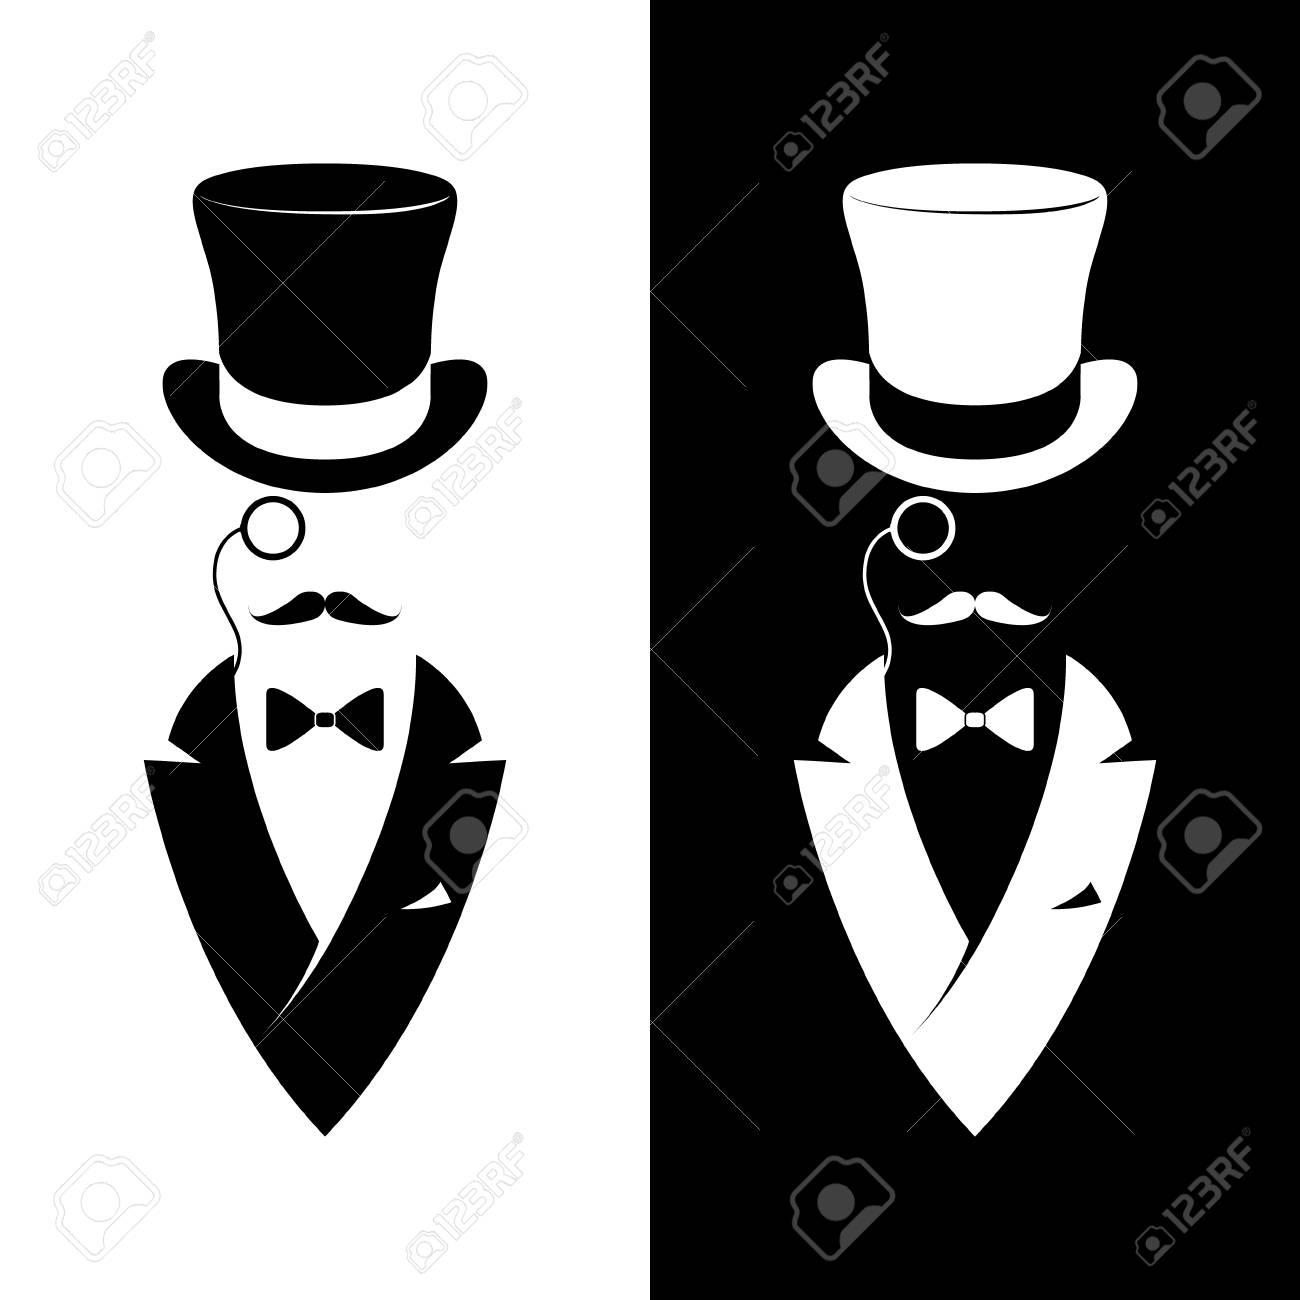 Vintage label gentlemen club. Hipster logo. Vector illustration. - 79629332
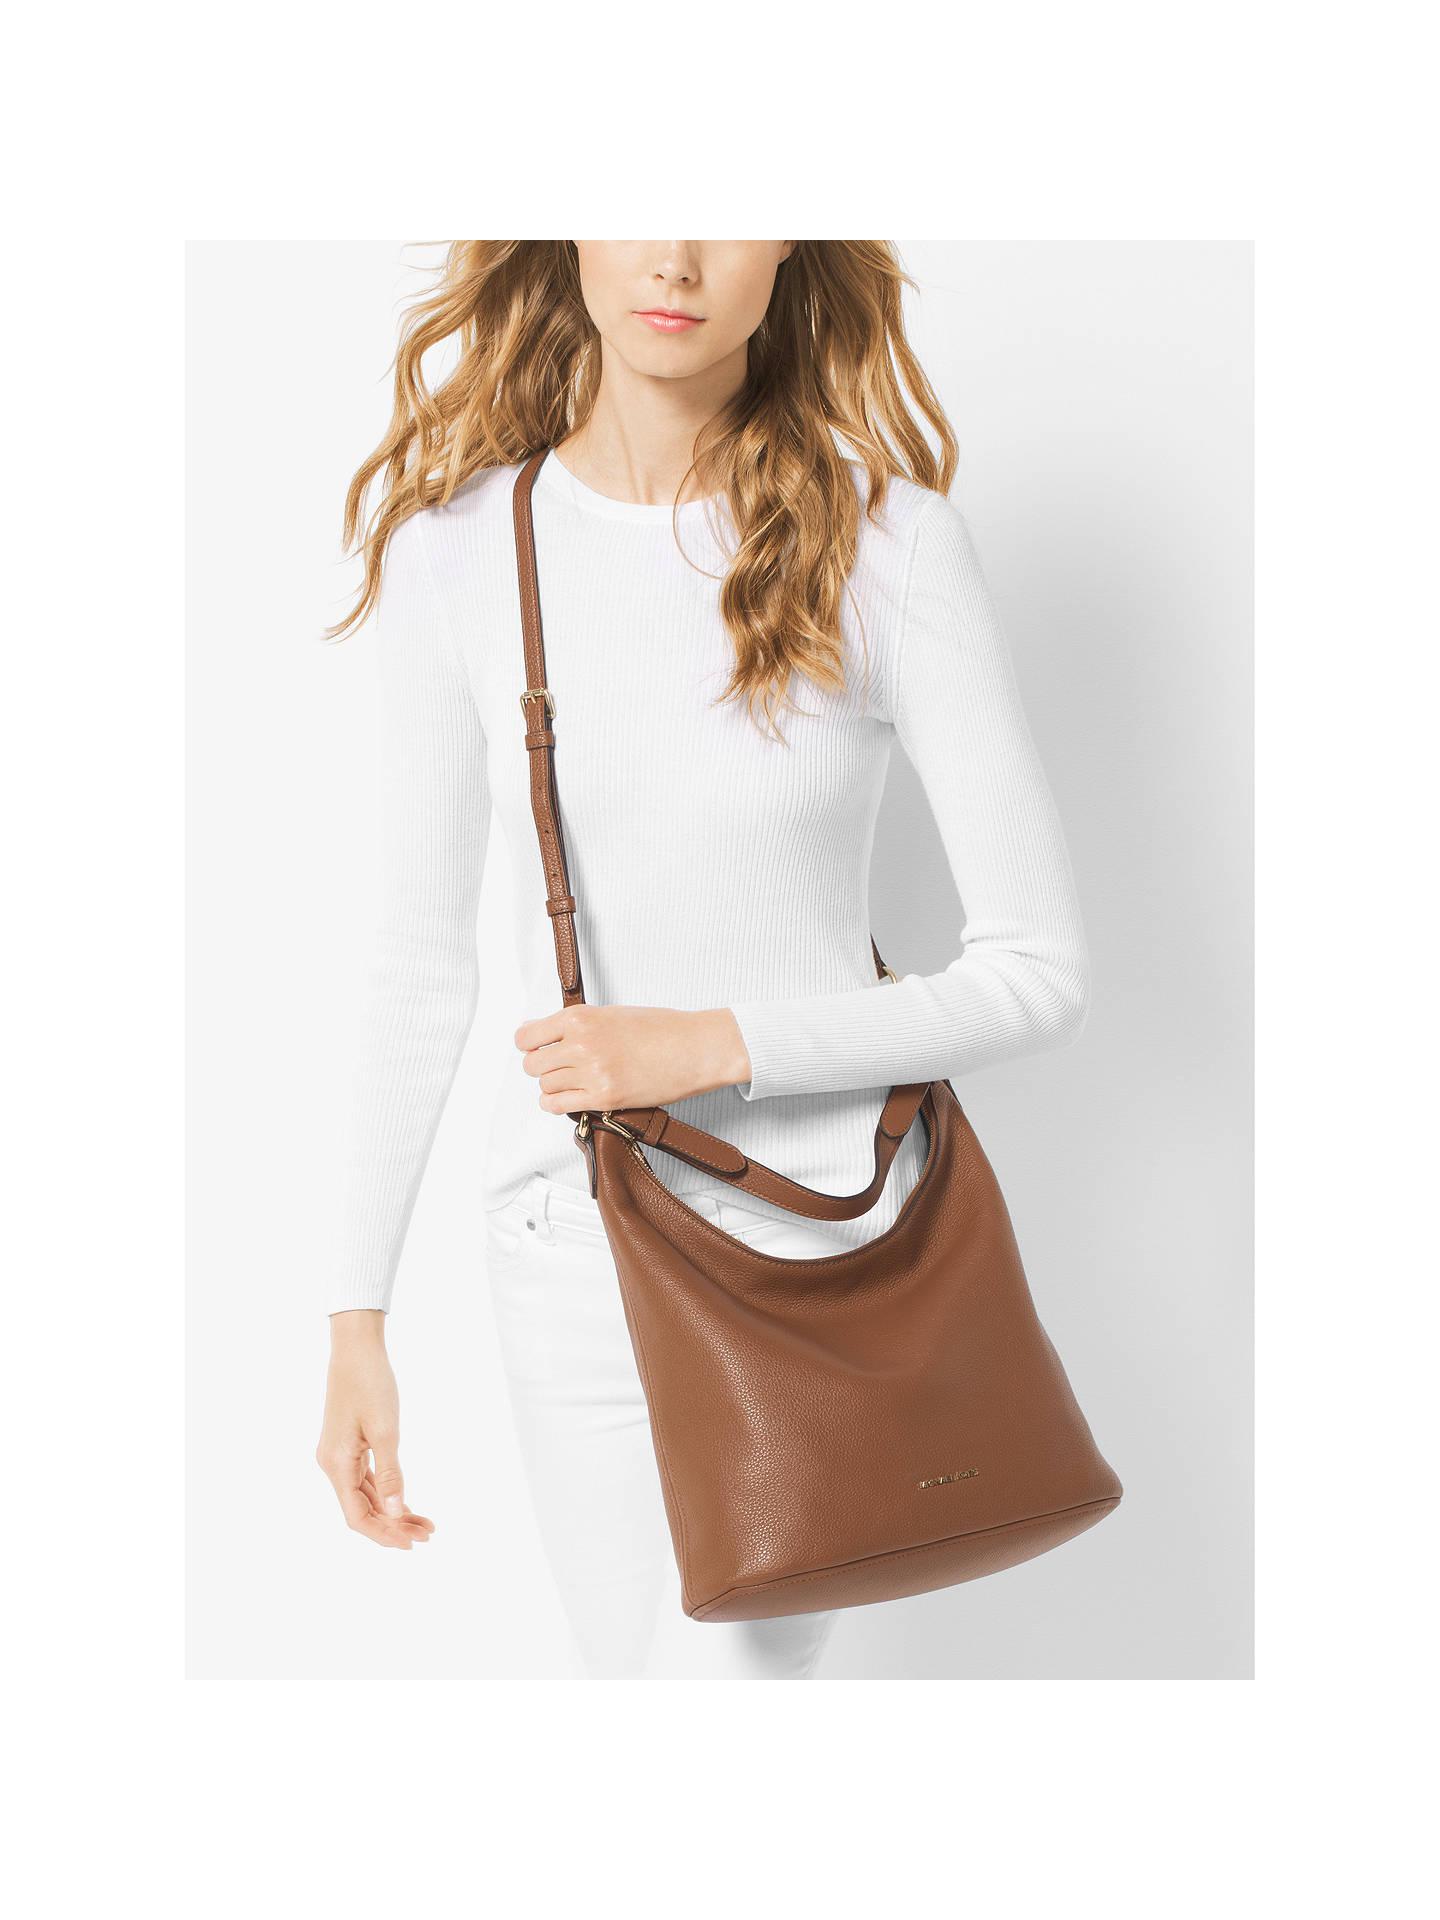 MICHAEL Michael Kors Lupita Leather Large Hobo Bag at John Lewis ... 11e5d1ce3bc57
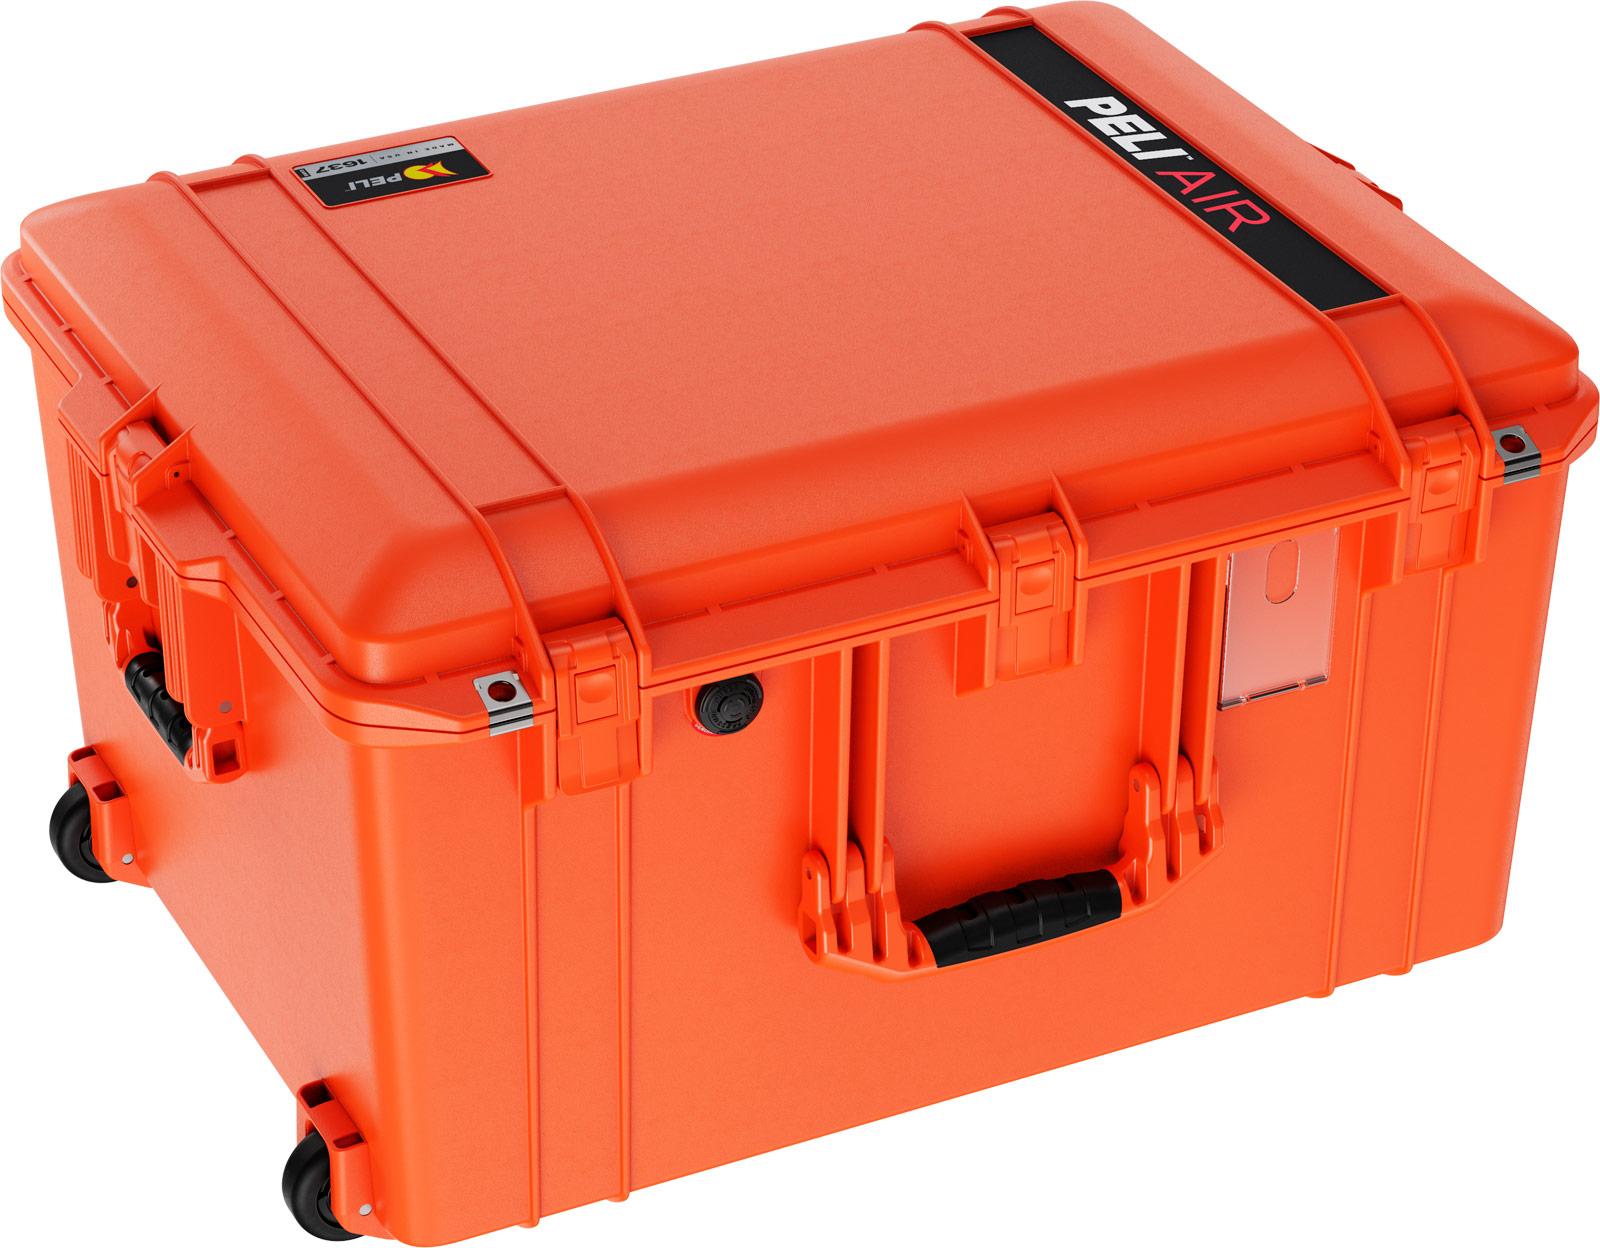 peli air travel rolling large case orange
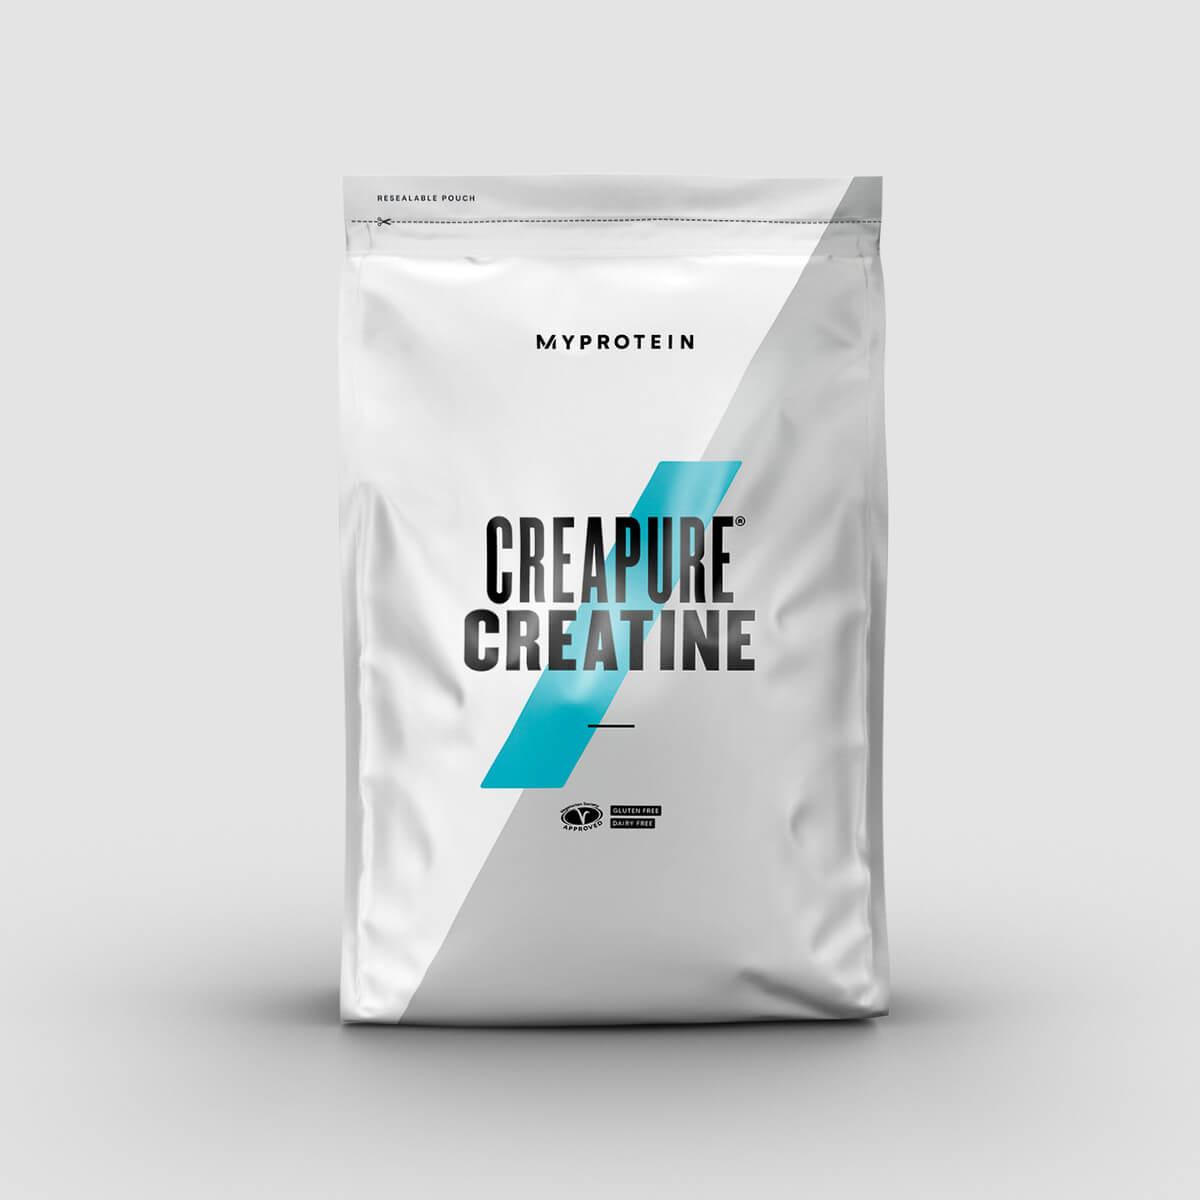 Myprotein Creapure® Creatine Powder - 1kg - Tropical
- - -
Retype the listing above exactly. Pictures are not part of the copy.

# Exercise solution
 Vintage label gentlemen club. Hipster logo. Vector illustration. - 79629332
 MICHAEL Michael Kors Lupita Leather Large Hobo Bag at John Lewis ... 11e5d1ce3bc57
 peli air travel rolling large case orange
 Myprotein Creapure® Creatine Powder - 1kg - Tropical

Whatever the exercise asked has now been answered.